L’artiste, lui, a affirmé que ce qui avait motivé son initiative, c’était d’avoir assisté à une scène de rue, dans laquelle un homme avait été mis en pièces par deux bouledogues, sous le regard de passants, et de policiers municipaux qui n’étaient pas intervenus.

En 2008, il a déclaré : “Je ne sais plus ce qu’est devenu le chien, sachant que j’ai entrepris toute cette «démarche artistique», dans le seul but de montrer les conditions de vie des chiens errants.”

Adel Abdessemed né en 1971 à Constantine lors de sa rétrospective au Mac de Lyon en 2017, avait exposé une vidéo, à l’échelle des murs, sur laquelle on voyait un alignement de poulets, pendus contre un mur, et qui semblaient prendre feu.


Adel Abdessemed « Printemps » Mac de Lyon, 2017

… qui semblaient car il s’agissait d’un trucage, d’une surimpression de flammes, sur l’image des poulets.
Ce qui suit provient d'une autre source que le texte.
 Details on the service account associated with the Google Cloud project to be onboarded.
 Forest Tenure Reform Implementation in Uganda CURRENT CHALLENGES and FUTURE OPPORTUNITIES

L’oeuvre avait suscité une telle indignation sur les réseaux sociaux qu’en accord avec le musée, il avait accepté de retirer le film.
D’après l’artiste il avait réalisé cette installation, baptisée « Printemps », comme « une allégorie de toutes les violences.. »

Notre sensibilité au monde animal est en pleine évolution depuis quelques années, et explique la multiplicité, et la variété des pratiques artistiques dans lesquelles l’animal est central. On l’a vu, les plus récentes de ces interventions artistiques, déstabilisent les catégories traditionnelles acquises.
Et si l’art est souvent extrême, l’utilisation de l’animal dans l’art, est plus moralisé qu’avant, et en tout cas il est sous contrôle, surtout des réseaux sociaux.
Le public réagit rapidement, et souvent de manière épidermique, avant même de comprendre la démarche.